Back in January, I mused that Apple’s insistence that publishers must use the in-app subscription functionality when they sell content to users might provide a boost for Android. Then, a patent troll reared its ugly head, demanding that developers cough up 0.575% of their US revenue from in-app purchases, and this week, just hours after the Financial Times released a web app that effectively bypasses Apple’s terms and conditions altogether, news emerged that Apple is backtracking on it’s in-app subscriptions policy.
Apple’s clearly on the back foot. It appears that they failed to anticipate that publishers would sell subscriptions out-of-band and now they look a little bit greedy (for trying to grab 30% of subscription revenue), incompetent (because the platform they sought to force developers to use turned out to be booby-trapped by the Lodsys patent – even if the patent turns out to be invalid or if it’s proven that Apple’s licence also cover app developers, a lot of damage has already been done) and foolish (because it turns out that, despite all Apple’s efforts, you can simply sidestep the App Store – and their 30% commission – by building your app in HTML5 instead of natively on iOS).
Platforms need to be stable (both in terms of the technology and the commercial terms and conditions the platform owner imposes) to attract and retain 3rd party developers and content providers. How can a publisher formulate a strategy for a platform if you don’t know what the rules of engagement are going to be in six months time? On top of that, those who scrambled to update their apps to incorporate Apple’s in-app purchase functionality by the June 30th deadline are likely seething about the wasted effort.
Because platforms rely on network effects, it’s important to get your strategy and your business model right. If you don’t, problems are magnified by the very same network effects you rely on to make your platform successful in the first place.
The more restrictive a platform, the less attractive it becomes. Had Microsoft imposed T&Cs as restrictive as Apple’s on Windows software developers, Windows would not have achieved the dominance it did during the 1990s. (Incidentally, there’s a certain irony in the fact that FT’s use of HTML5 to escape Apple’s restrictions is reminiscent of the threat that Microsoft perceived the Web as posing to Windows’ position as the dominant OS.)

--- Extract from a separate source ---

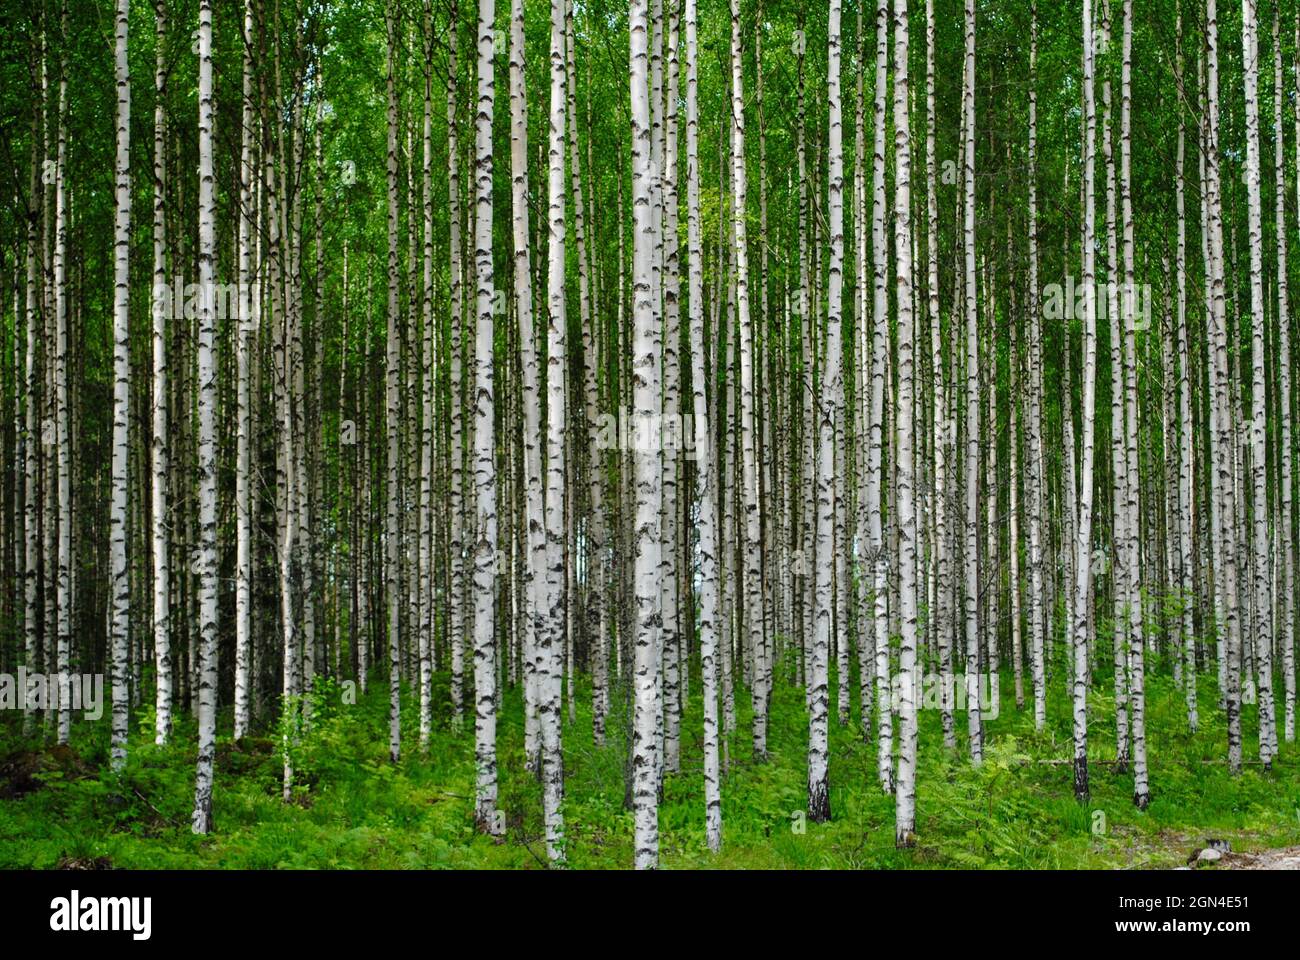 A dense birch forest in Uukuniemi, Eastern Finland Stock Photo

Similarly, if the platform owner tries to impose too high a price on access to their platform, it makes it less attractive. If everyone who sold content in PDF format had to pay commission to Adobe, I doubt we’d all have Acrobat Reader installed on our desktops.
Network effects mean that a significant portion of a platform’s value is derived from its users. If the platform owner seeks to extract significantly more value than they contribute – through, for example, innovative design and functionality, or the creation of a user-base through marketing – it becomes economic rent.
Apple make money on each iPhone and iPad they sell. They make money each time someone signs up to become an app developer. They make a commission on every native iOS app sold. Was it wise to also demand 30% of the revenue from paid-for content accessed through those apps?